Setting limits on a technology means, for some, hindering progress…
We cannot assume that, in the name of innovation, there are no rules to regulate the power of large companies that own AI. The first urgency would be to think about data governance. When you believe that a digital tool is free, there is actually, in the background, a huge market where everything you give of yourself is exchanged.
At the beginning, these data were about identity: “Who are you? » Then they became behavioral: “What do you like? »; relational: “Who is your friend? » Today, they become cognitive: “How do you think? What questions are you asking yourself? What are your moods? What are you afraid of? »
AI agents will become, like social networks, immense data vacuum cleaners. But what is the status of this data? Are they private goods that belong forever to the companies that collect them? Common goods, accessible to all of humanity?
Or public goods, under the usual control of the public authority? How do we govern these billions of billions of information? Is there a need for a constitution? The equivalent of a declaration of human rights? It may sound strange, but it is a major political issue for years to come.
Do you identify other areas in which a framework should be set?
Yes. Firstly that of responsibility. These machines are not simple neutral tools that humans have at their disposal completely at will. When a decision is made by someone following a dialogue with a machine which may have influenced them, their responsibility exists, but it is perhaps not absolute. What about those who configured the machine?
The second area is what I call a “sacralization of the brain”. Just as the body, in our political order, has gradually been considered inviolable, we should think about the cognitive manipulations to which our mind could be subject.
While being critical, you don’t seem so pessimistic…
We are rapidly adopting technology that is beyond our control. The final sentence does not seem realistic or effective to me. Let’s instead keep in mind that we are freer when we know how the tools work.
Why does AI often prove us right? Why does she flatter us? This is not due to the technology itself, but to the economic model behind it. And then let’s allow ourselves, as a family, in our personal lives, real moments of disconnection.

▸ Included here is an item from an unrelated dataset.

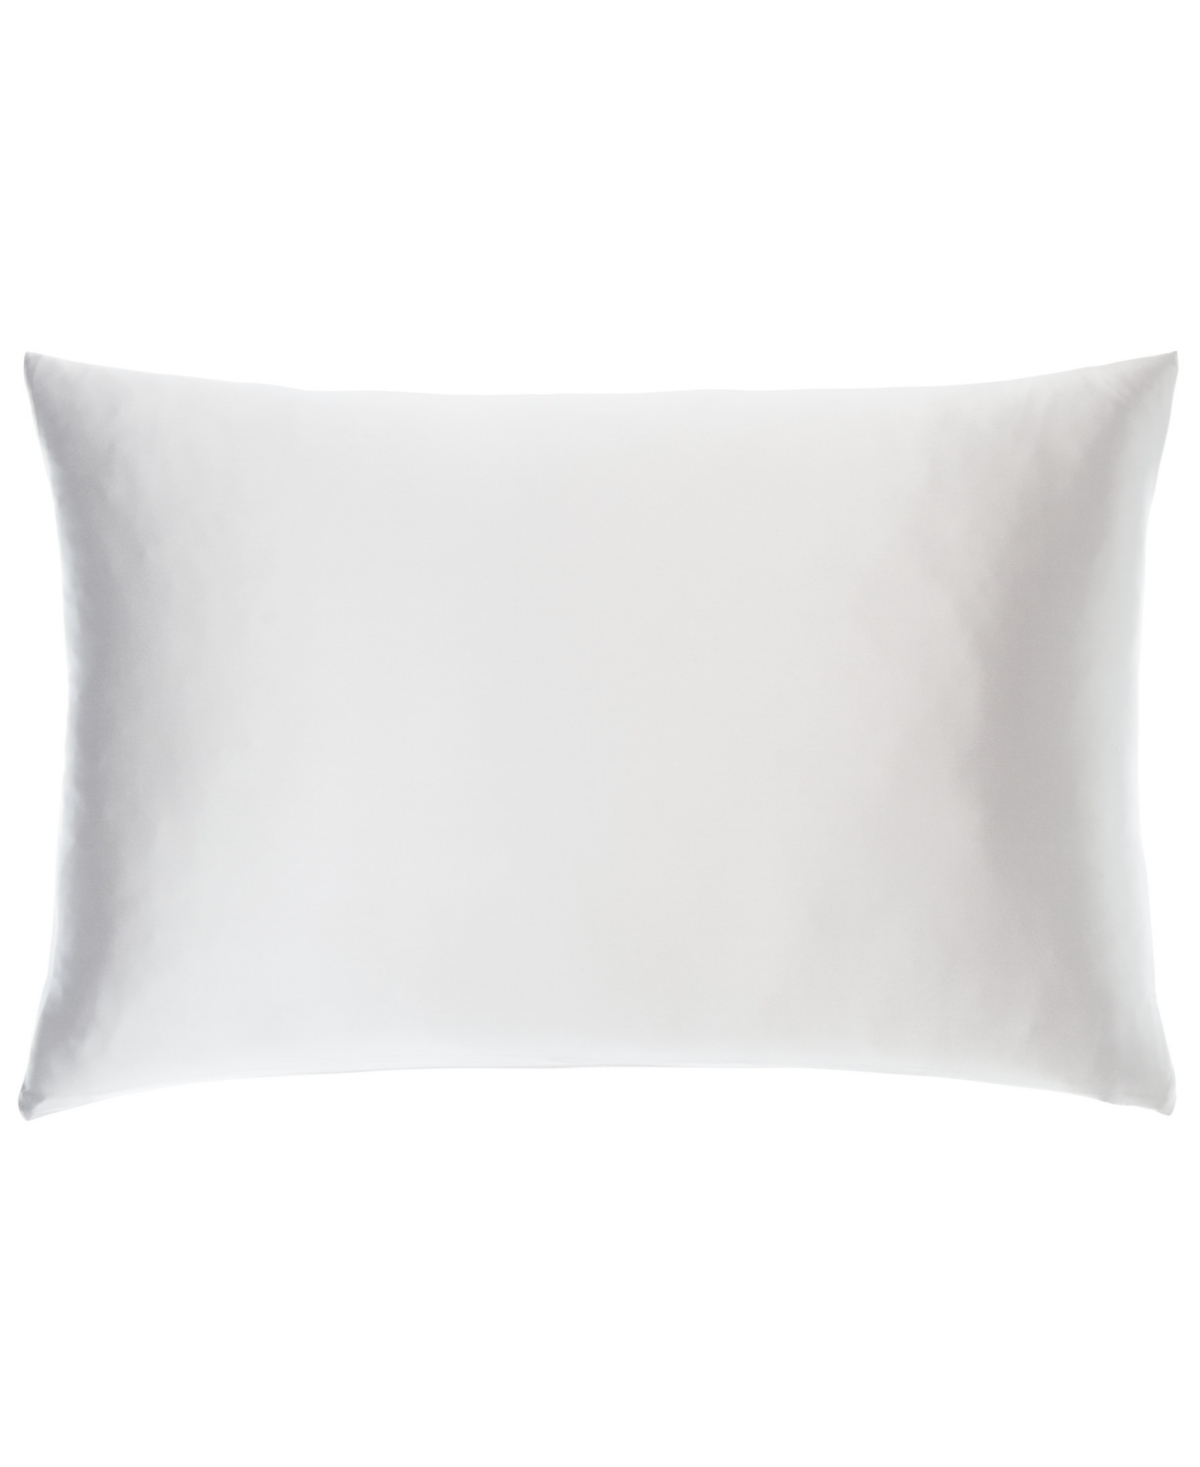 Donna Karan Home Platinum Silky Pillowcase, Standard

The main limitation of machines is that you can never not find something you are looking for, nor find something you are not looking for. This makes surprise and quest impossible, which are two essential aspects for human beings.
The biography of Bruno Patino
- 1965. Born in Courbevoie (Hauts-de-Seine).
- 2003-2008. President and publishing director of Telerama.
- 2008-2010. Director of France Culture.
- 2007-2020. Director of the Sciences Po journalism school.
- 2013-2015. General Director of Programs, Channels and Digital Developments France Televisions.
- Since 2015. Director then Chairman of the Board of DirectorsArte.
- 2024. President of the General States of Information.